TSC888 failure modes

[Aung Ko Ko Thet]

Hi All,

Is there any one who has good experience in using high side current sensors in bi directional DC Motor Controls?

We are using TSC888 high side current sensors on the 12V DC Supply lines to 7 DC Motors, 4 bidirectional and 3 unidirectional. We use L293 ICs as motor drives.

There has been sensor failures within two weeks of running the system continuously. (Approximately 80 hours). The sensors always fail in such a way that the output shows 10 times the actual value.

I would like to know possible root causes for this from any one who has experience in using TSC888 in the motor controllers.

Thanks in advance
Aung

 

[John S]

Hi All,

Is there any one who has good experience in using high side current sensors in bi directional DC Motor Controls?

We are using TSC888 high side current sensors on the 12V DC Supply lines to 7 DC Motors, 4 bidirectional and 3 unidirectional. We use L293 ICs as motor drives.

There has been sensor failures within two weeks of running the system continuously. (Approximately 80 hours). The sensors always fail in such a way that the output shows 10 times the actual value.

I would like to know possible root causes for this from any one who has experience in using TSC888 in the motor controllers.

Thanks in advance
Aung

Probably due to over-voltage. We had a similar failure using a TS1100.

John

 

[Jamie]

Hi All,

Is there any one who has good experience in using high side current sensors in bi directional DC Motor Controls?

We are using TSC888 high side current sensors on the 12V DC Supply lines to 7 DC Motors, 4 bidirectional and 3 unidirectional. We use L293 ICs as motor drives.

There has been sensor failures within two weeks of running the system continuously. (Approximately 80 hours). The sensors always fail in such a way that the output shows 10 times the actual value.

I would like to know possible root causes for this from any one who has experience in using TSC888 in the motor controllers.

Thanks in advance
Aung

We out actually seeing some circuitry, it would be hard to say but I
am leaning towards underrated parts or, EMF noise that results in HV is
getting back to the sensor circuit via the motors.
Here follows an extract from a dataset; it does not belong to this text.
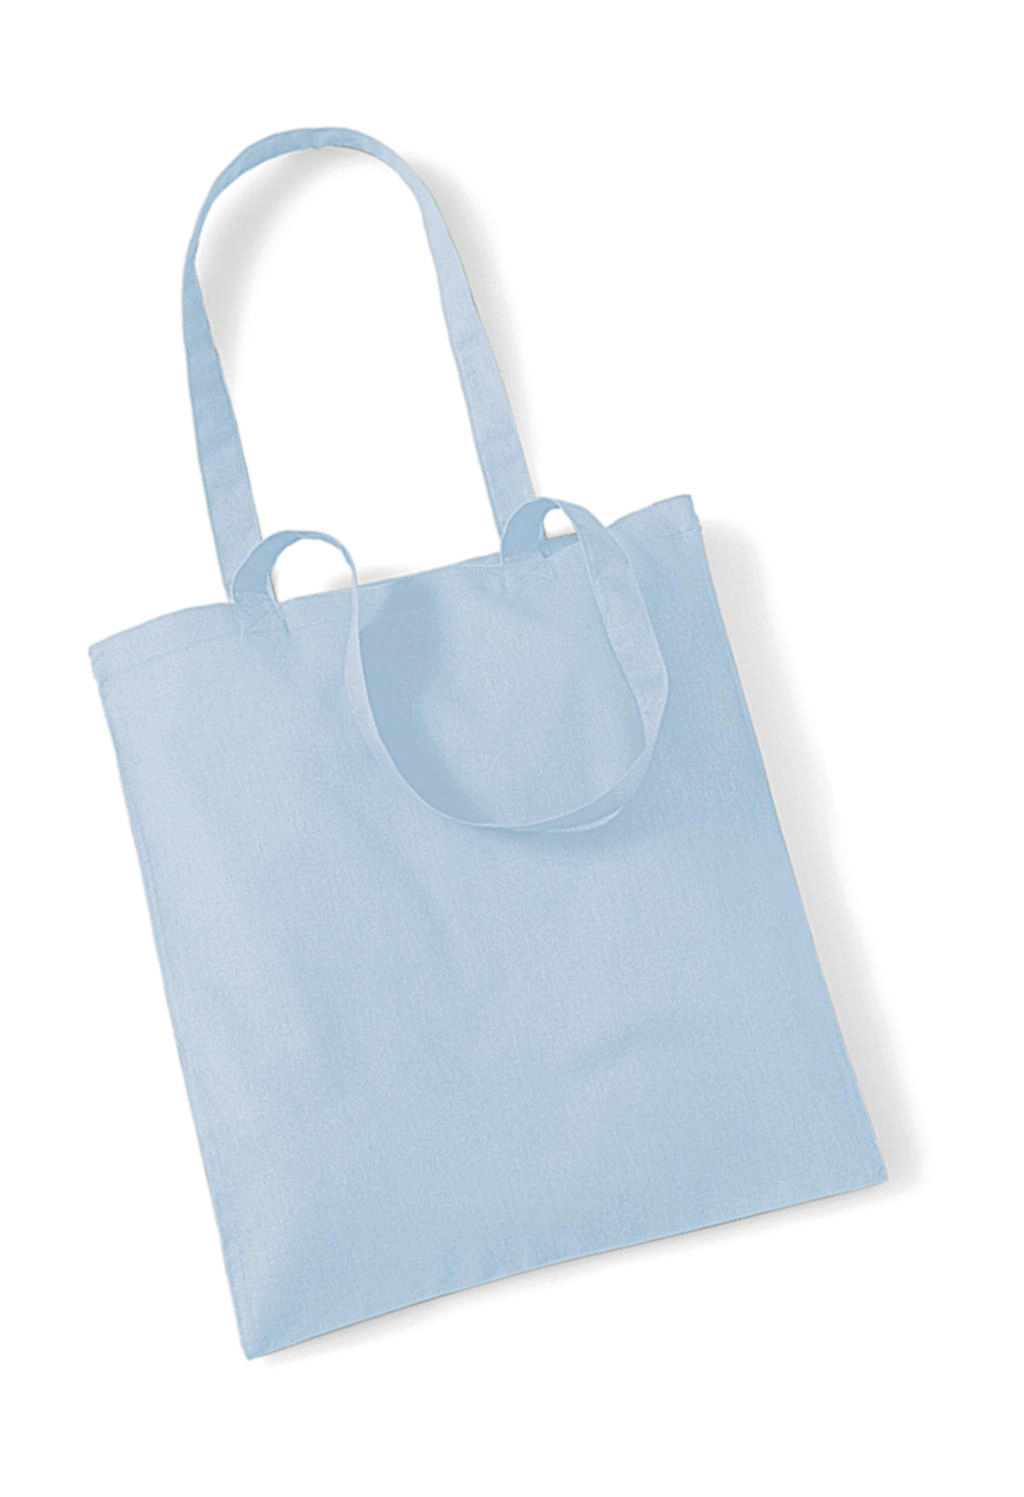 Bag for Life - Long Handles zum Besticken und Bedrucken in der Farbe Pastel Blue mit Ihren Logo, Schriftzug oder Motiv.

But my guess would be that a shunt resistor is opening,

Jamie

 

[John S]

We out actually seeing some circuitry, it would be hard to say but I
am leaning towards underrated parts or, EMF noise that results in HV is
getting back to the sensor circuit via the motors.

But my guess would be that a shunt resistor is opening,

Jamie

Our shunt resistor value is .004 ohms. It is less than a zero ohm
substitution part in most cases. The Kelvin connections are now as good
as they can get on this second board layout and there have been no failures.

Note that the common-mode specifications are very important here.

Are there any spikes on the line that will exceed the common-mode specs
of the chip? My bet is a huge YES!

So, I don't think you have used these parts nor have you studied the
specifications in detail.

 

[Aung Ko Ko Thet]

Hi John,

Thank you so much for your kind interest and comments on this matter.

We have found two things:

1. We have carried out validation measurements to make sure that nothing would exceed the absolute maximum ratings. Only one problem, there is a negative going ring 20 us perioud (4V pk-pk) for 60 us when the system is power cycled. It is due to the low quality 12V Switch Mode Power Supply. The rating of the IC says the common mode minimum is -0.3V. The negative going peak of -2V is already exceeding. So we have a preliminary conclusion that this could be one of the root causes of IC failure.

2. The ESD spec: of the IC is quite low, HBM 1kV and MM 100V. So it is moresensitive to ESD than other ICs, as we the system is open and the PCB is exposed to human interactions for this moment in time, it has a high ESD risk.

Please let me know your opinion also

Regards
Aung

 

[Aung Ko Ko Thet]

Hi Jamie,

Thanks for your kind comment.
Actually, there has been no failure in the shunt resistor. After replacing the IC, the current measurement systems works fine. It is basically due to the IC which somehow malfunctioned.

Regards
Aung

 

[Jamie]

Hi Jamie,

Thanks for your kind comment.
Actually, there has been no failure in the shunt resistor. After replacing the IC, the current measurement systems works fine. It is basically due to the IC which somehow malfunctioned.

Regards
Aung

You need to do a couple of things.

1.
You need to provide a clamp diode on the supply line to grab
any below ground problems. This is a common issue with flaky supplies
and people connecting things backwards. A high current schottkey should
work for that. One of my cases, I had to use an active clamp to suppress
high currents due to ground faults from other equipment.

2.
The current sensor you are using has a diff voltage of 2 volts and if
for some reason you get a high current pulse, which does happen for
brief moments, you can exceed this. In cases like this, it is more than
likely the front end does have diodes internally however, I didn't see
if the unit actually has sinking resistors inside? So maybe some extract
protection is in order, like R's of your own connecting the inputs to
the shunts? Or, two diodes over the shunt to prevent the raise of
differential voltage.

3.
You may want a big fat suppresser on your DC buss. The drive IC's you
are using more than likely have diodes in the bridge to capture the
regen energy and the motor could get into a free spin condition there by
generating more energy back to the supply. When people are involved it
is easy to get a motor load to be free spun out of control! (load swing)

So going back to (1. issue), a high wattage zener of 12 volts is in
order or active clamp (dynamic Brake R circuit), like I use..


Jamie